Wednesday, August 25, 2010

It's Not About the Race

Max raises an interesting question -- why do we race.  This is a good year for me to ask that question.  Last year I added triathlons to my routine.  Instead of running a marathon each Fall, and a few races the rest of the year, I trained for my first Olympic distance tri in 2009, and completed a half ironman in 2010.  Along the way I did a number of sprints for practice.  I also ran the Dublin Marathon with Spencer and Max.  That's a lot of racing.  So, I must like racing, right?  Short  answer is that I'm somewhat ambivalent about races.  There are things I like about races:  The energy at the start, the sense of accomplishment at the finish, the elation after a day has gone well.  But there are other things I don't like: the crowd scene at the start, the frustration about opportunities missed, or training errors that manifest in mile 18 . . .

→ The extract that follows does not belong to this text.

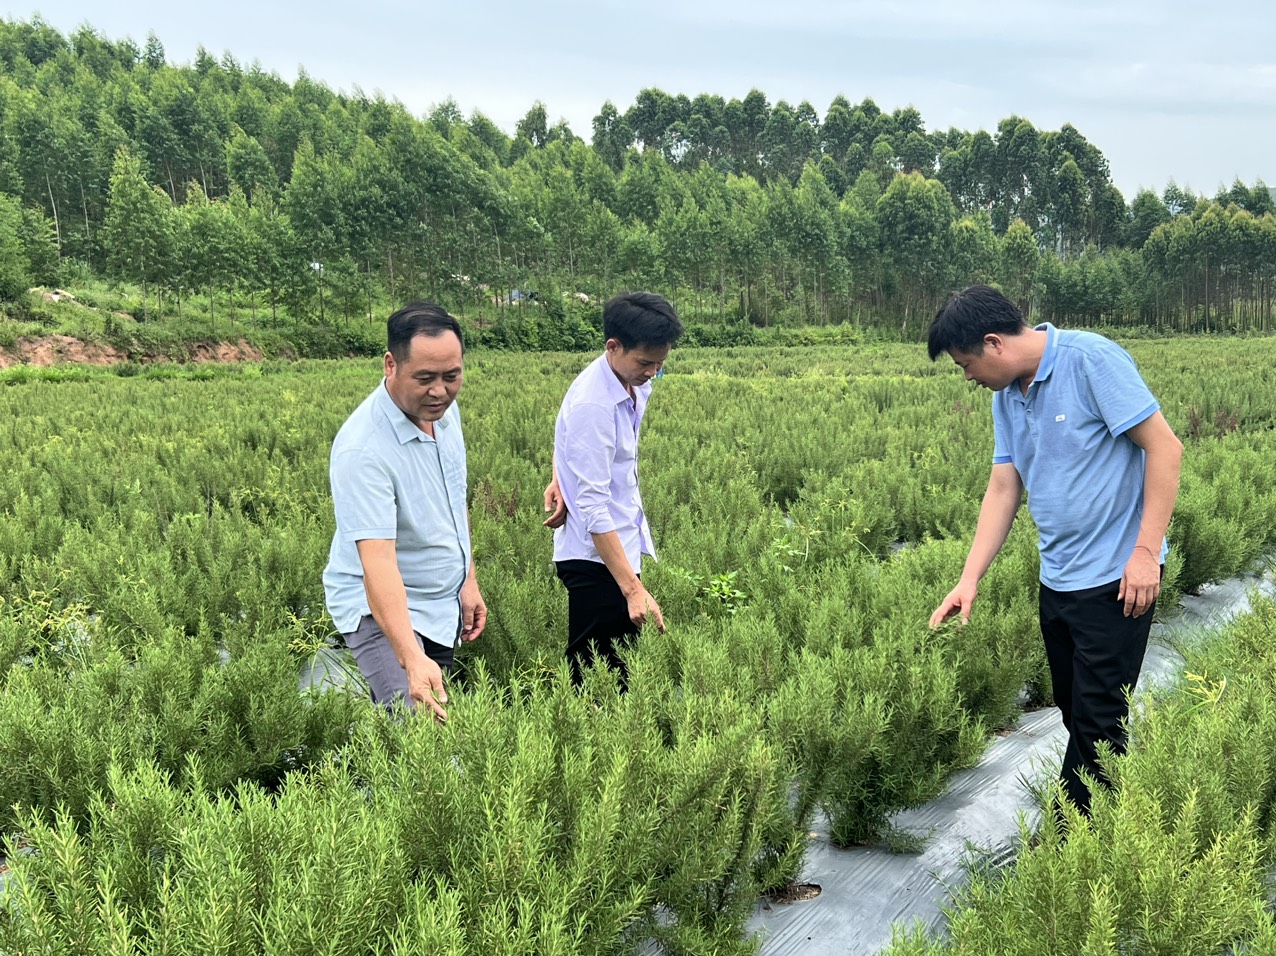 Hương thảo là cây gì mà một nông dân Bắc Giang trồng rồi cắt cành, lá bán hết cho doanh nghiệp, thu lãi cao? - Ảnh 1.
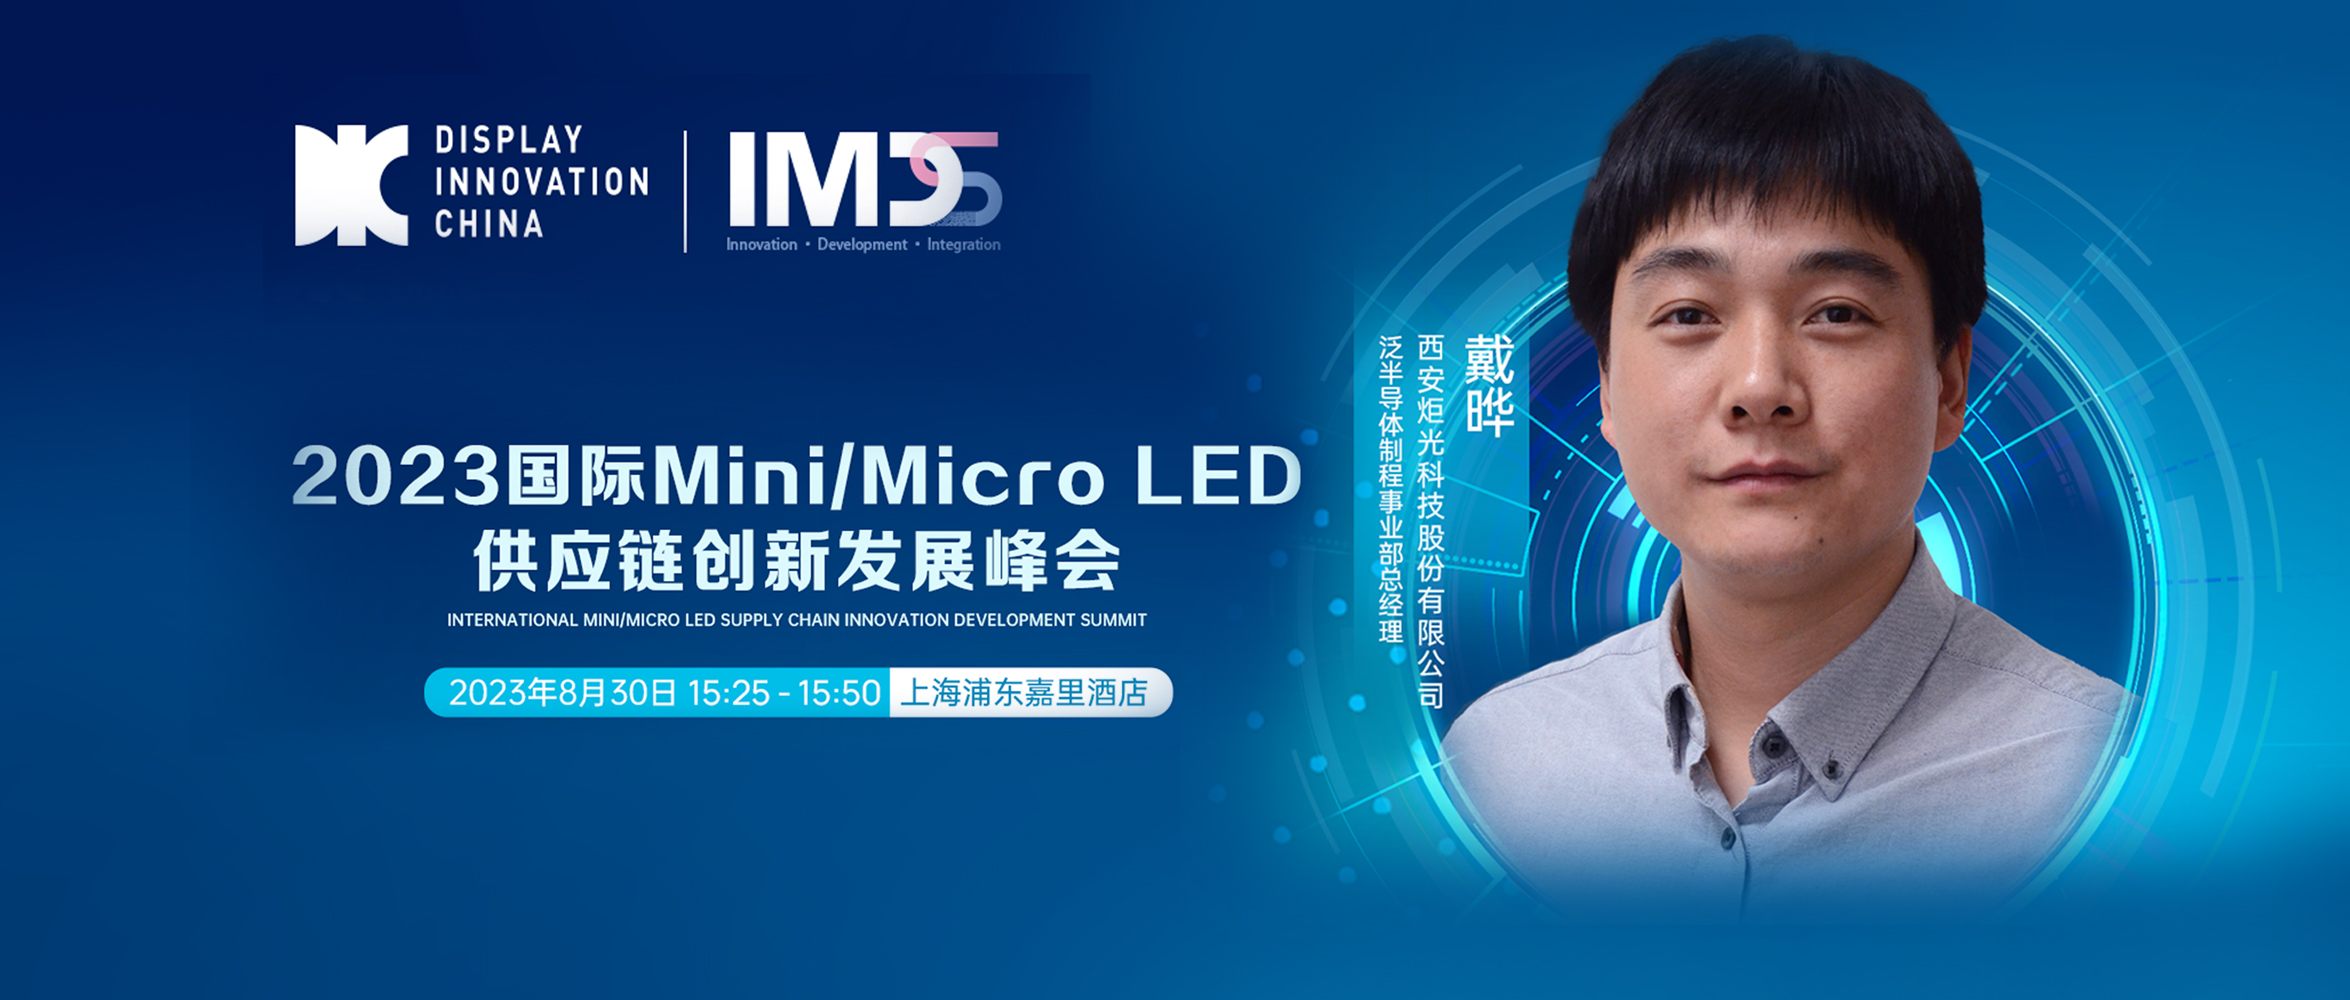 峰会报告 | 应用光子技术解决Mini 和 Micro LED制程工艺技术难题

The part I like, pretty much unequivocally, is the training.  I like the freedom of long runs, the conversations with friends, the variety of swimming, biking and running.  The reason for races is that they organize and motivate my training.  Without a race to train for, my workouts lack focus.  Without races, I can't measure my progress.  Without a race to train for I would not have the lurking fear of the "wall" to get me up each morning for a long workout.  The race is the end that motivates the means.  Or is it the other way around? Training is the end, and the race is the means??